Bandwidth sensitivity
Network sizing uses throughput Mbps = RPS × (req KB + resp KB) × 1024 × 8 ÷ 1,000,000. This highlights why gzip, image resizing, and API pagination matter. If responses average 80 KB at 2,000 RPS, demand is about 1,310 Mbps, exceeding many nodes. Apply safety margin for protocol overhead and retransmits. The calculator compares demand to per node Mbps times utilization to estimate required nodes under CDN bypass conditions.
Connection limits
Connection limits can bind before CPU or bandwidth, especially with keep‑alive, HTTP/2 multiplexing, and WebSockets. A peak of 80,000 connections with a 1.2 surge becomes 96,000, then safety margin increases it further. Per node max connections depends on memory, file descriptors, and ephemeral port tuning. Session affinity and long timeouts raise connection counts. The calculator converts the connection demand into nodes using the utilization cap and safety margin.
Headroom validation
Recommended nodes equal the maximum of CPU, bandwidth, and connection driven counts, plus spare nodes for redundancy. Safety margin protects against forecasting error, uneven distribution, and hot partitions. Use N+1 at minimum within each failure domain, and consider extra spares for patching. After sizing, validate with load tests that reproduce real headers, TLS, and latency. Revisit inputs regularly to track growth, verify assumptions, and monitor p95 utilization weekly.
FAQs
1) What does “binding constraint” mean here?
The binding constraint is the limit that forces the highest node count: CPU cores, bandwidth Mbps, or concurrent connections. Improving that bottleneck typically reduces required nodes more than tuning the other inputs.
2) How should I estimate CPU time per request?
Start with profiling or synthetic tests on one node and measure incremental CPU under known RPS. Use the p95 or p99 CPU cost for busy endpoints, then include TLS and observability overhead percentages.

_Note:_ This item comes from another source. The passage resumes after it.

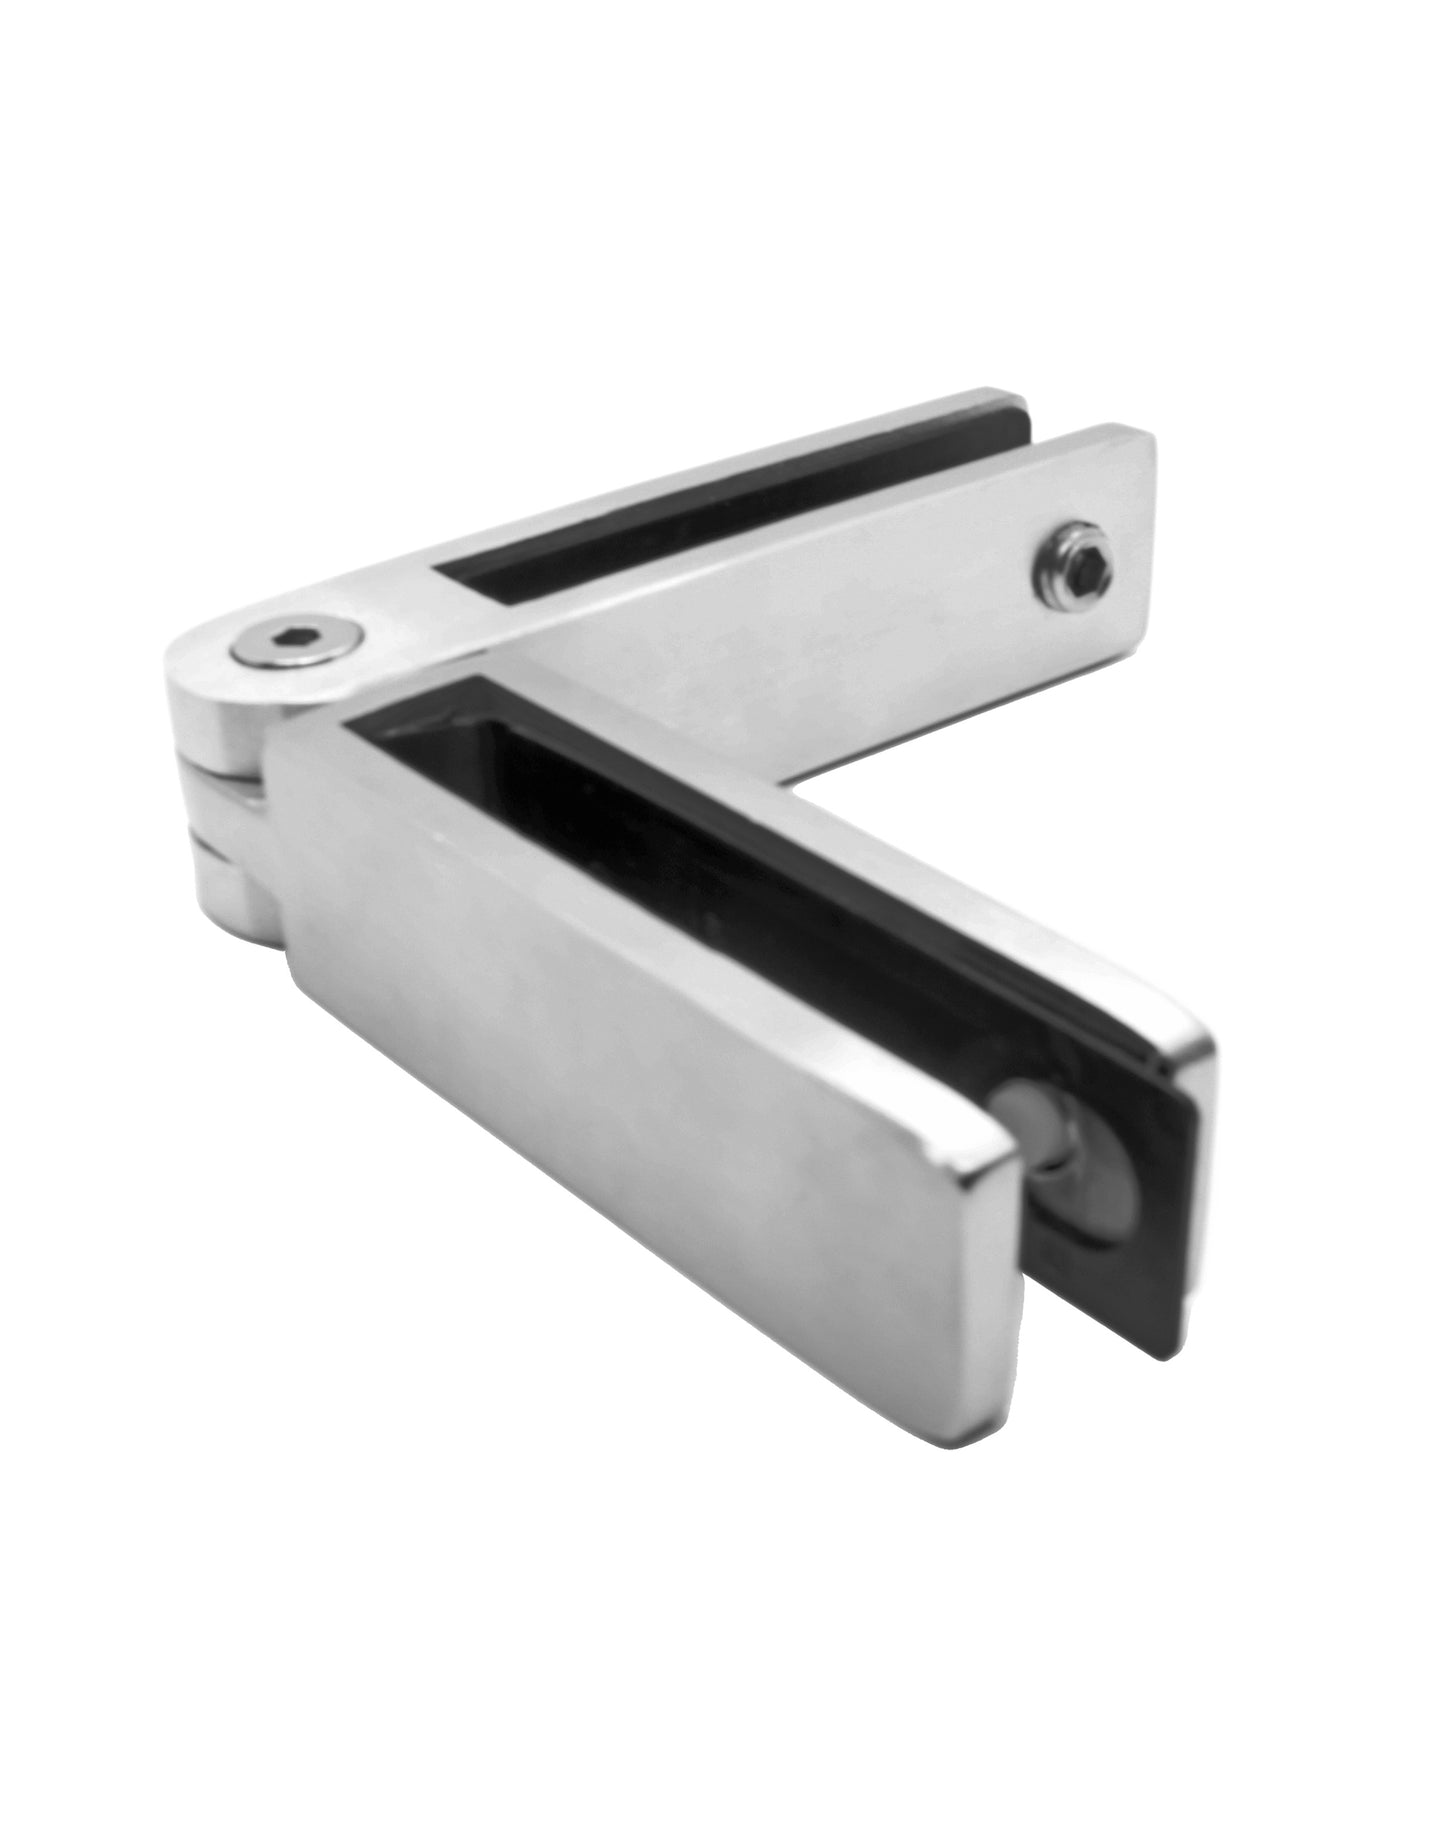 Stainless Steel 316 Adjustable 90 to 180 Degree 1/2" Glass to Glass Clamp Railing  (G1200) - SHEMONICO

3) What utilization cap should I choose?
For steady workloads, 70% is a common ceiling. For bursty traffic, latency targets, or uneven distribution, use 60–65%. Higher caps increase risk of queues and retries during incidents or deploys.
4) How do I model TLS termination accurately?
If the load balancer terminates TLS, include a realistic overhead factor based on your cipher suites and handshake rate. If TLS is terminated upstream or at clients and passed through, set the TLS overhead to zero.
5) Why do connections matter if RPS is low?
Long-lived connections consume memory, file descriptors, and kernel resources even when idle. WebSockets, slow clients, and long timeouts can push connection counts high, making connection limits the primary sizing driver.
6) How should I validate the recommended nodes?
Run load tests that match real headers, request sizes, TLS settings, and latency distribution. Verify per-node CPU, Mbps, and connection utilization stays under the chosen cap during peak and failure scenarios, then adjust inputs.